Data handling and analyses were performed using PASW Statistics 18 (SPSS Inc, Chicago, IL).
Ethics
The Norwegian Data Inspectorate was notified before the MBRN and NorPD were linked, as required by the Norwegian law for national health registries. The study was entirely register-based, and we did not contact the study subjects and no active participation was required of them.
Results
In total, 337 000 births during 2004–10 were included in our study (Table 1). There were almost 1500 perinatal deaths and more than 17 000 pre-term births. More than a quarter of the fathers (26%) were dispensed at least one prescribed drug during the last 3 months prior to conception (Table 2). During the last 6 months prior to conception, 39% of the fathers were dispensed at least one prescription. The frequency of use of the selected drugs requiring special attention is given in Table 3. A total of 4266 (1.3%) of the fathers were dispensed at least one of these drugs.
Table 1.
Characteristics of the births included in analyses of dispensed drugs to fathers the last 3 months prior to conception
| n | % | |
|---|---|---|
| Year of childbirth | ||
| 2004 | 497 | 0.15 |
| 2005 | 53 063 | 16 |
| 2006 | 55 522 | 16 |
| 2007 | 55 263 | 16 |
| 2008 | 57 261 | 17 |
| 2009 | 58 190 | 17 |
| 2010 | 57 097 | 17 |
| Pregnancy length (completed weeks) | ||
| <22 | 775 | 0.23 |
| 22–32 | 3 818 | 1.1 |
| 33–39 | 151 152 | 45 |
| 40–44 | 181 148 | 54 |
| Birth weight (g) | ||
| Missing | 561 | 0.17 |
| <500 | 657 | 0.20 |
| 500–2499 | 11 968 | 3.6 |
| 2500–2999 | 34 345 | 10 |
| 3000–3499 | 105 933 | 31 |
| 3500–3999 | 119 558 | 35 |
| 4000–4499 | 52 058 | 15 |
| 4500–6300 | 11 813 | 3.5 |
| Paternal age (years) | ||
| <20 | 2 162 | 0.64 |
| 20–49 | 330 690 | 98 |
| 50+ | 4 041 | 1.2 |
| Maternal age (years) | ||
| Missing* | 11 | 0.00 |
| <20 | 7 348 | 2.2 |
| 20–39 | 320 090 | 95 |
| 40+ | 9 444 | 2.8 |
| Spontaneous abortion† | 775 | 0.2 |
| Pre-term birth‡ | 17 300 | 5.1 |
| Perinatal mortality§ | 1 461 | 0.43 |
| Small for gestational age¶ | 33 600 | 10 |
| Total number of births | 336 893 | |
Maternal age was set to the mean maternal age (30 years) for these foetuses in the analyses.
Pregnancy length less than 22 completed weeks.
Live births after at least 22 but prior to 37 completed weeks.
§All foetuses with pregnancy length of at least 22 completed weeks and deaths within 7 days after birth.

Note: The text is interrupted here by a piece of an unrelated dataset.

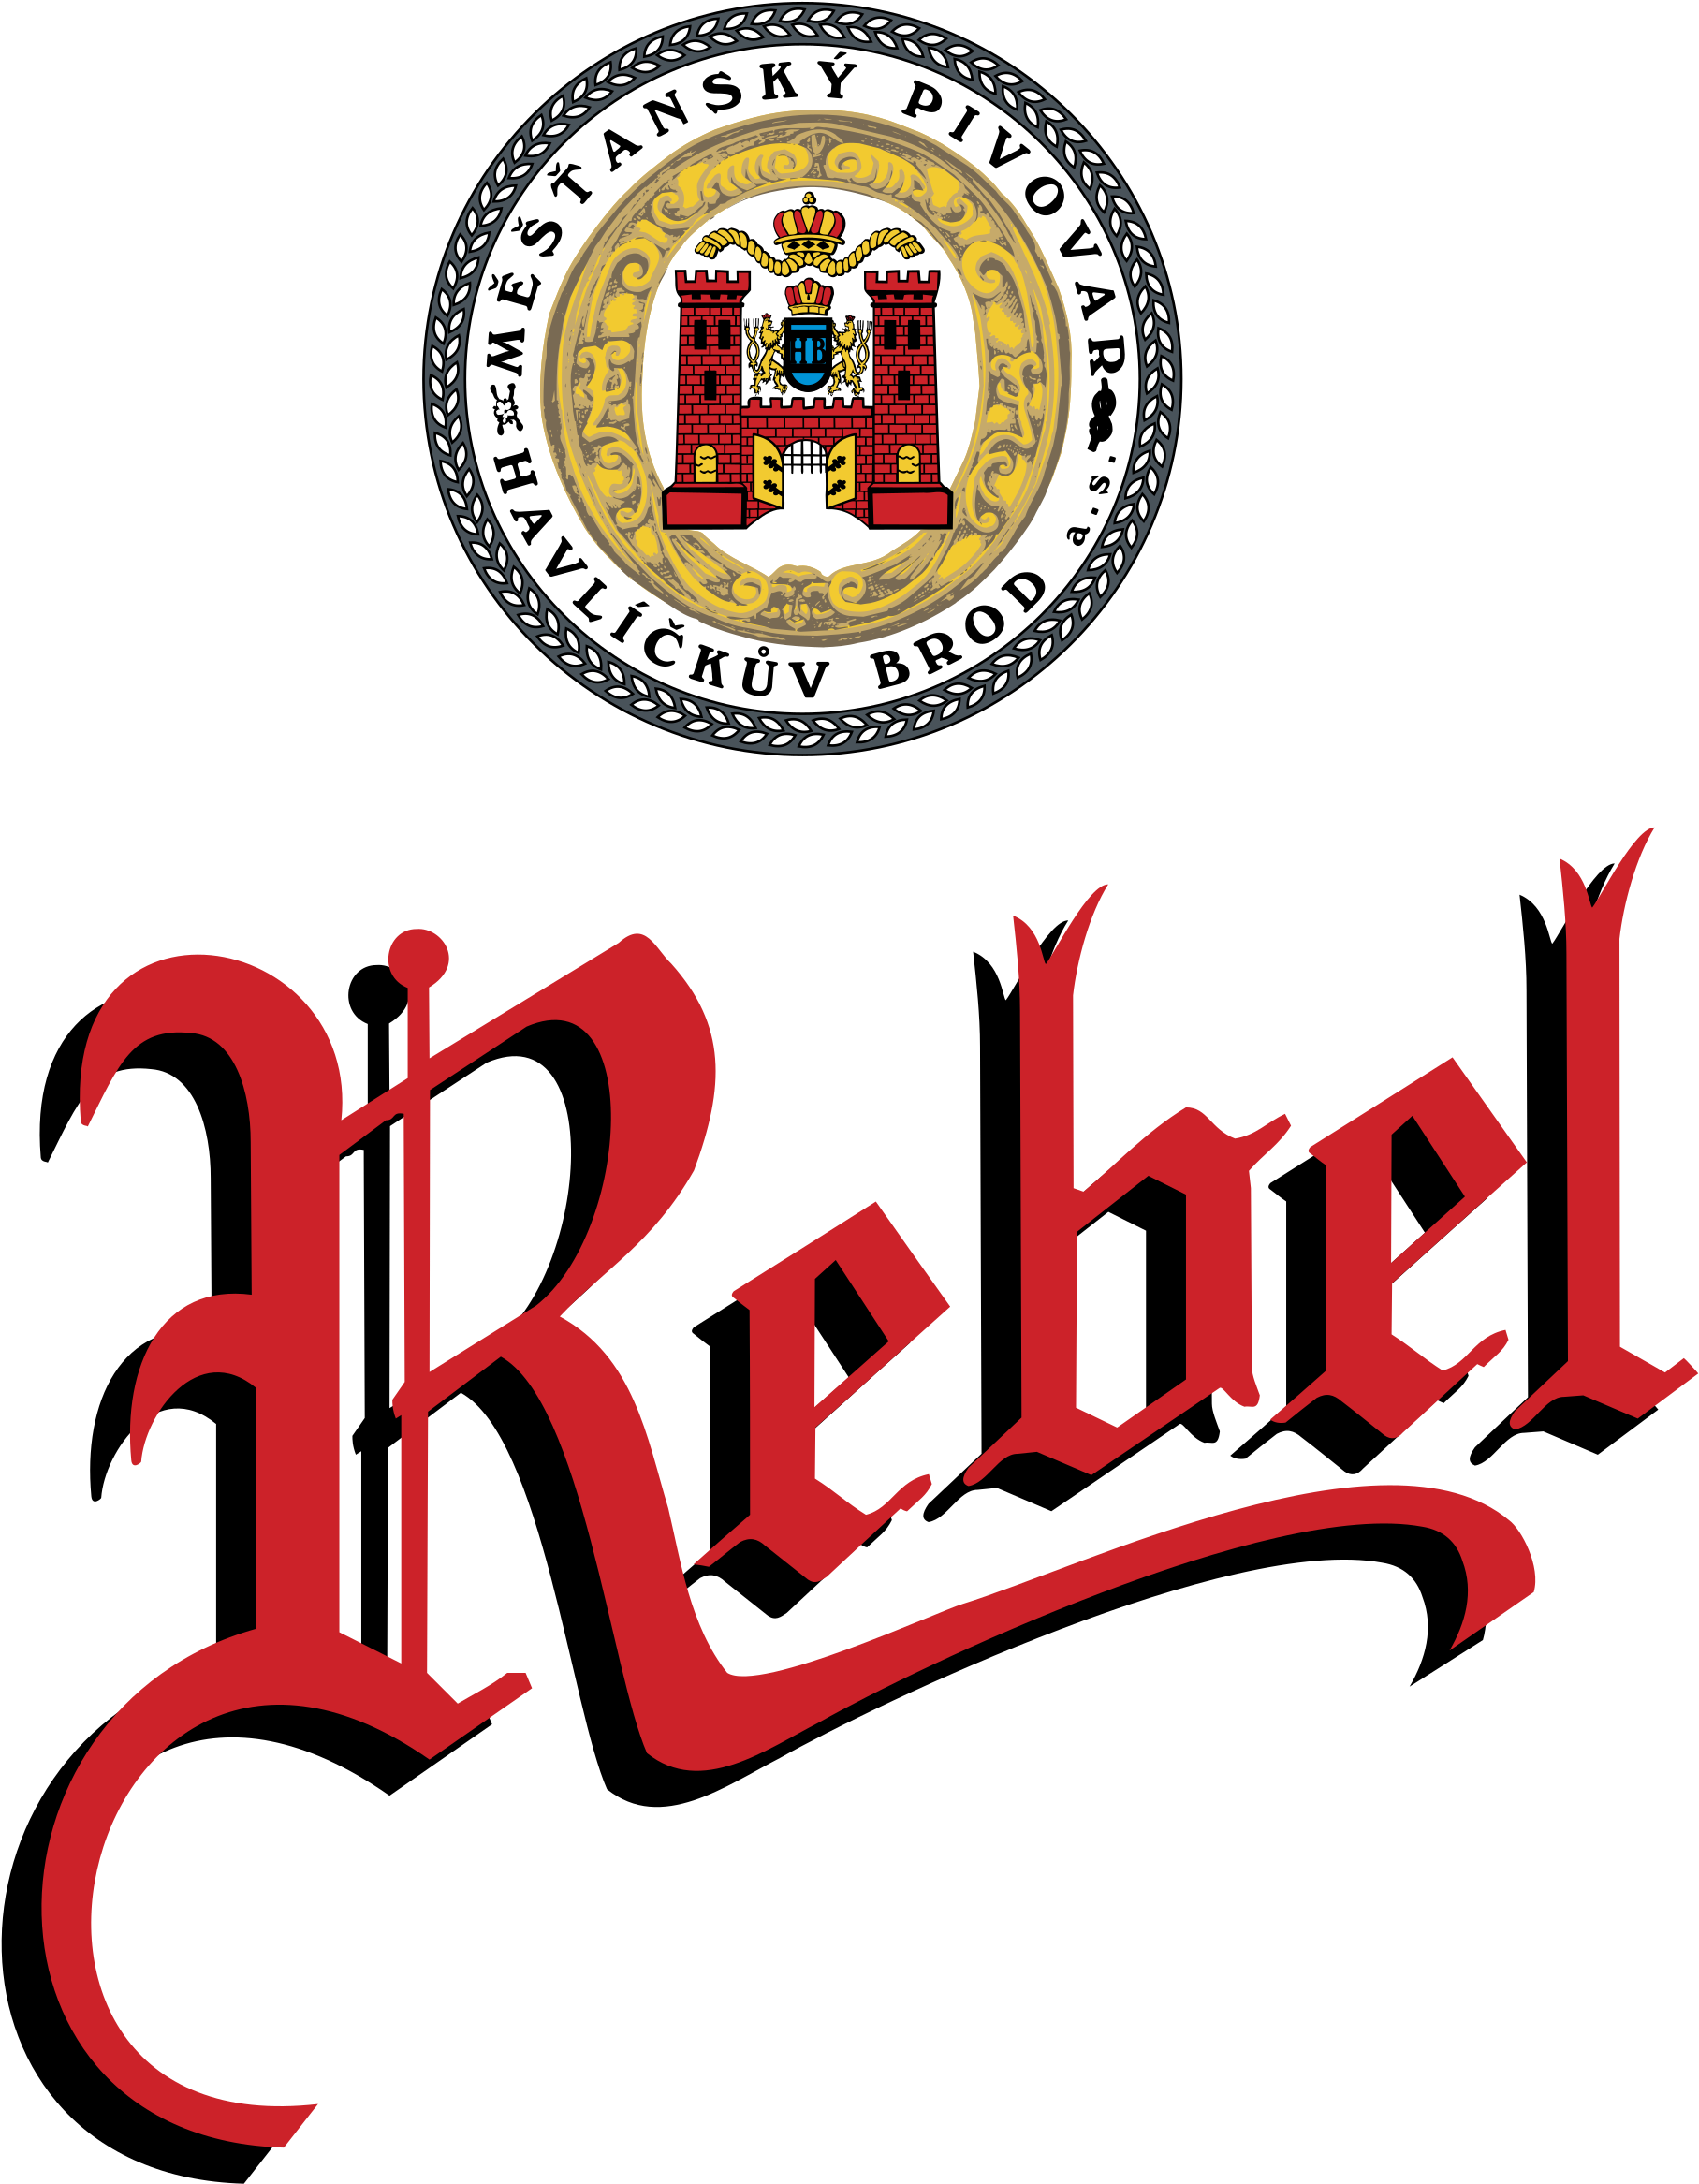 Rebel Logo Png Transparent - Rebel Logos - Free Transparent PNG ...

Small for gestational age was defined as those 10% having lowest weight compared with all foetuses of the same sex and gestational week for those with gestational week 22–44.
Table 2.
Number of fathers who were dispensed drugs during the last 3 months prior to conception (n = 336 893)

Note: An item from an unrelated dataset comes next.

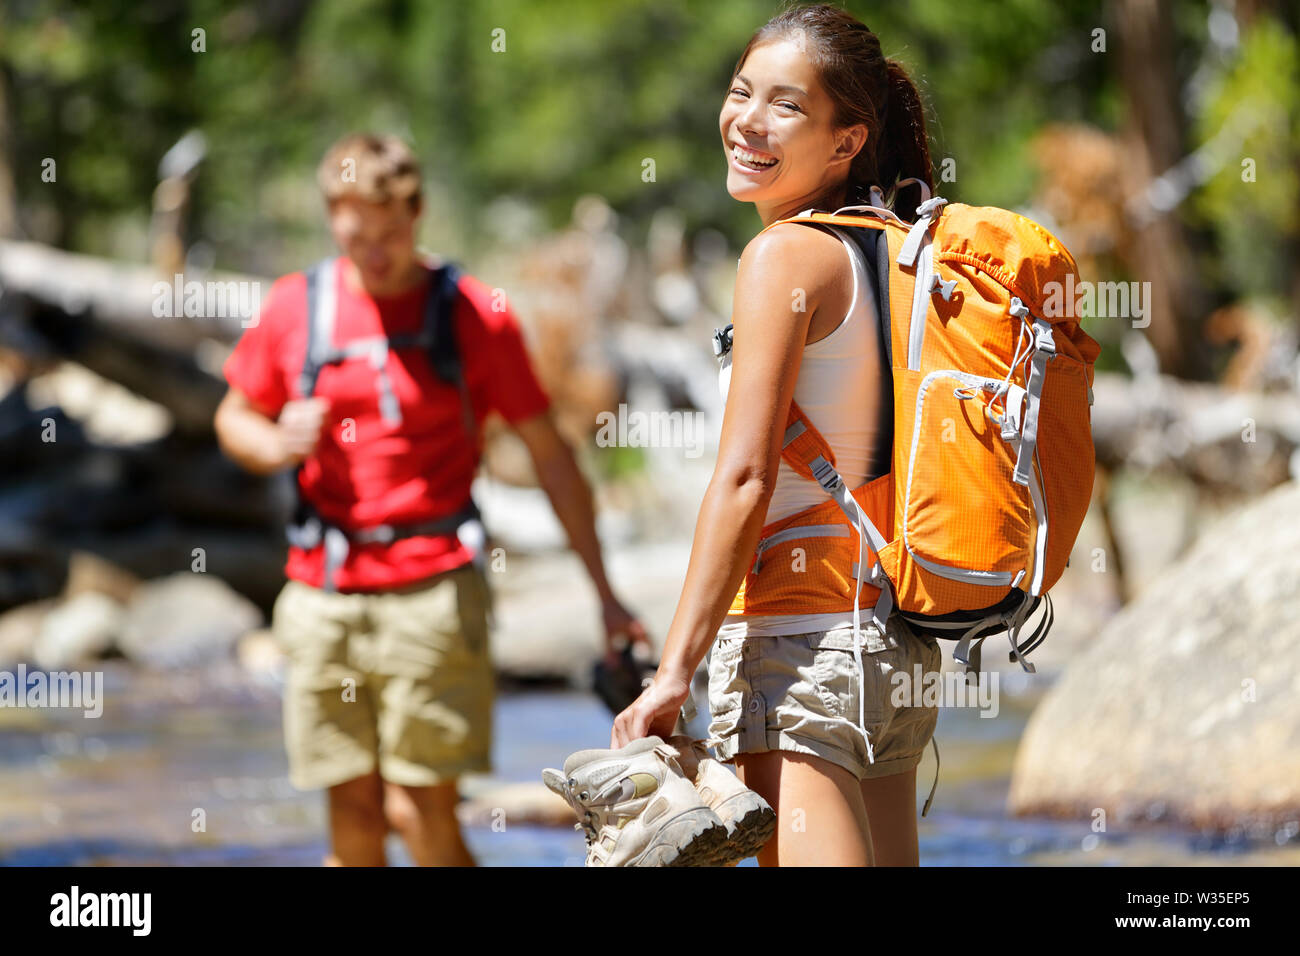 Escursionismo amici divertendosi Varcando il fiume nella foresta. Giovani adulti felice camminare a piedi nudi in acqua con i piedi bagnati su un viaggio avventura escursione in natura. Foto Stock

| Drug (main groups) (ATC code) | n | % |
|---|---|---|
| Alimentary tract and metabolism (A) | 10,185 | 3.0 |
| Blood and blood forming organs (B) | 1,760 | 0.52 |
| Cardiovascular system (C) | 6,637 | 2.0 |
| Dermatologicals (D) | 10,737 | 3.2 |
| Genito urinary system and sex hormones (G) | 2,454 | 0.73 |
| Systemic hormonal preparations, excl. sex hormones and insulin (H) | 3,882 | 1.15 |
| Antiinfectives for systemic use (J) | 21,924 | 6.5 |
| Antineoplastic and immunomodulating agents (L) | 823 | 0.24 |
| Musculo-skeletal system (M) | 19,258 | 5.7 |
| Nervous system (N) | 21,572 | 6.4 |
| Antiparasitic products, insecticides and repellents (P) | 1,312 | 0.39 |
| Respiratory system (R) | 23,894 | 7.1 |
| Sensory organs and various (S + V) | 8,683 | 2.6 |
| Any drug | 87,847 | 26 |
ATC, Anatomical Therapeutic Chemical.
Table 3.
Number of fathers who were dispensed drugs requiring special attention (according to Schirm et al. [6]) during the last 3 months prior to conception (n = 336 893)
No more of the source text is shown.